One thing I will add is that the energy and excitement was just so much more genuine and the passion was at a different level than today. I'm not saying there aren't extremely talented and energetic people these days - there are actually more simply due to the sheer size of the industry - but the density of them is far less. The self-selection filter was much stronger back then and while most folks were relatively well paid it wasn't mostly about chasing VC funds and hitting the next IPO. It was about "holy crap, I'm actually being paid to do things with computers!" - at least my tiny slice of the experience.

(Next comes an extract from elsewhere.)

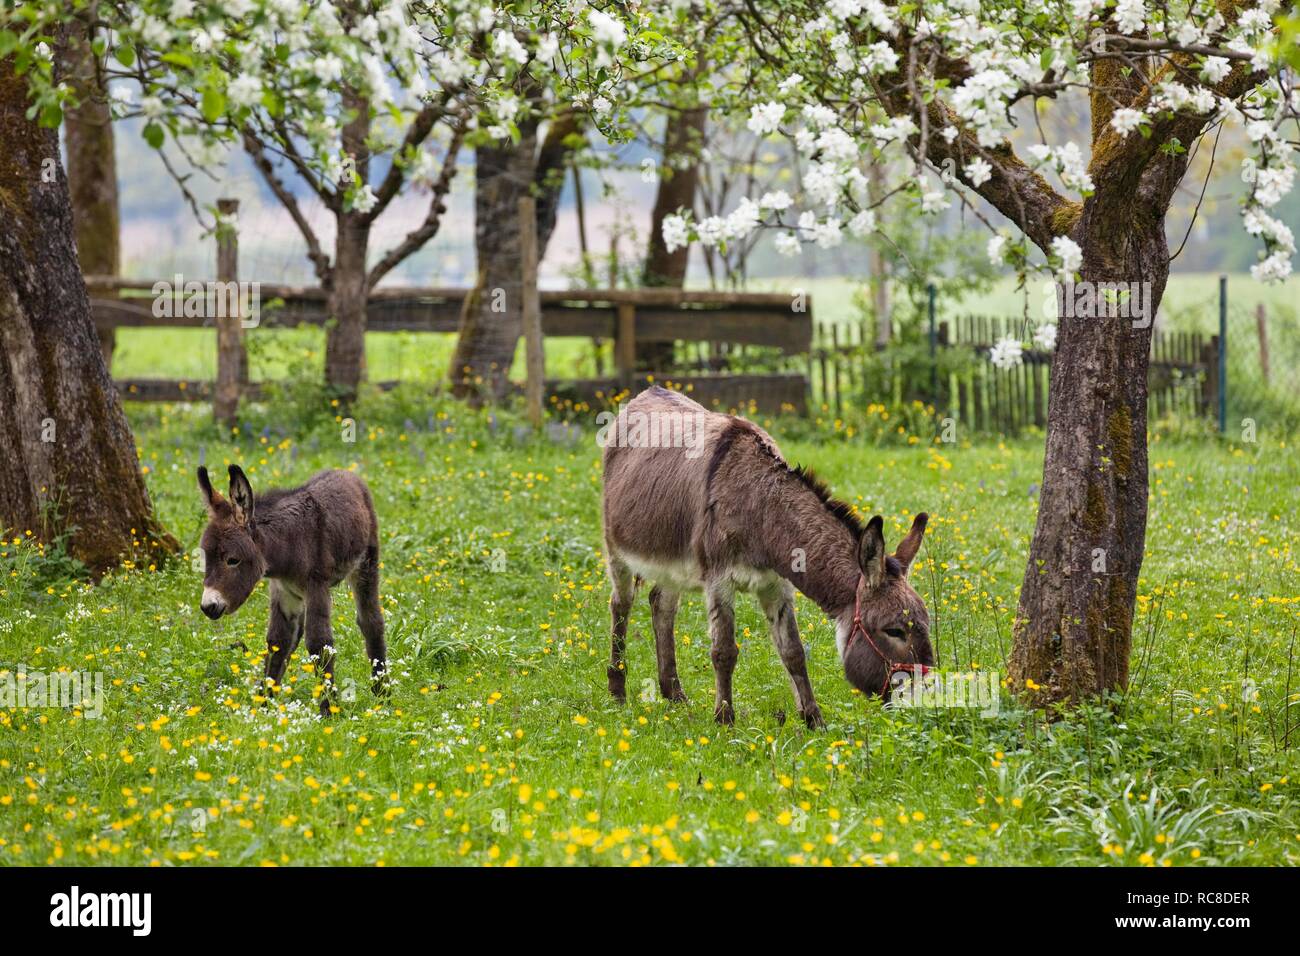 Donkey (Equus asinus) with foal in orchard, spring, Bavaria, Germany Stock Photo
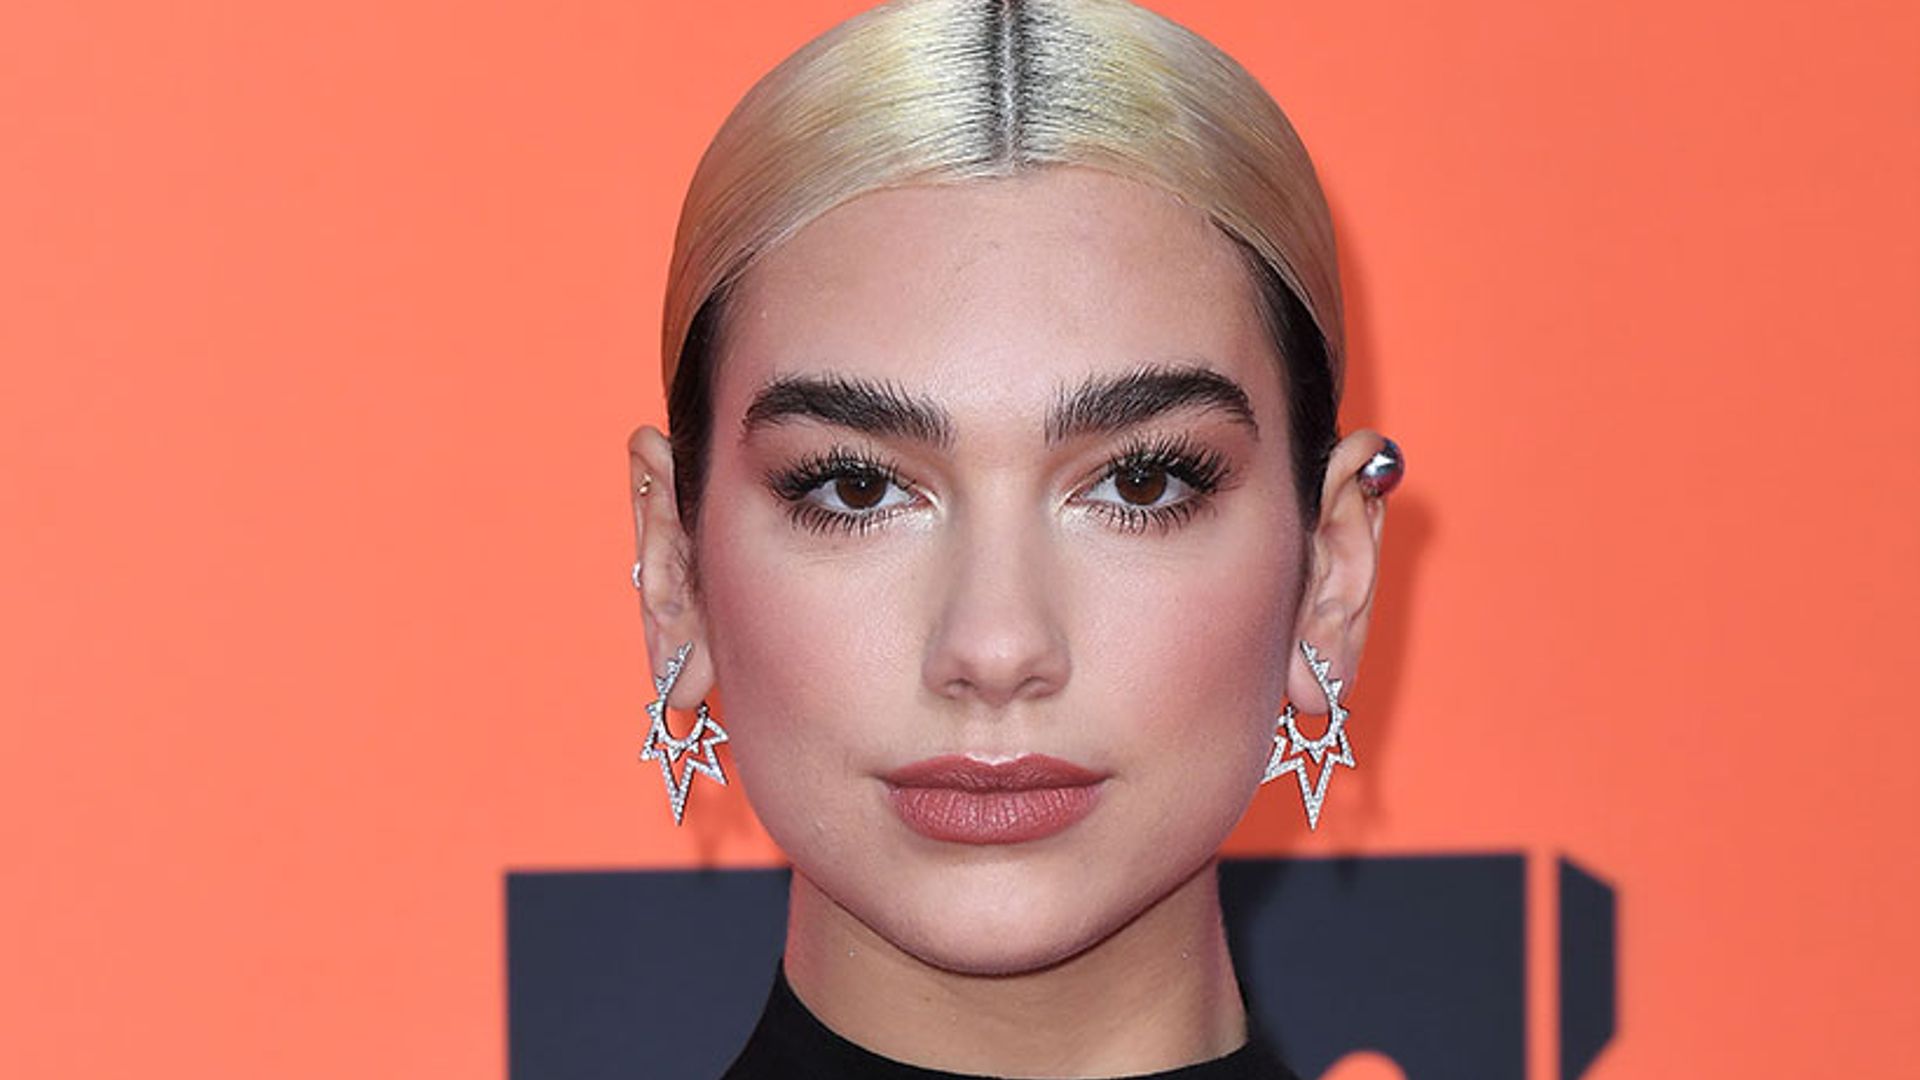 Dua Lipa calls for an end to online trolling and says that we all need to be nicer to one another

Things also were a lot more "simple" for lack of a better term. Today I'm not sure how I would have gotten my foot in the door and made myself minimally useful enough to start learning skills and gaining reputation (which then later led to a career) simply due to the sheer number of layers of abstraction on top of everything you have to punch through.

It was certainly a simpler and much wilder time though!


You reminded me, should add these to the lit section:

* 2600

* Cult of the Dead Cow

* Phrak


Well worth a listen to some old Off The Hook shows from 2600.com - they go back a long way in time and culture. Off The Wall too.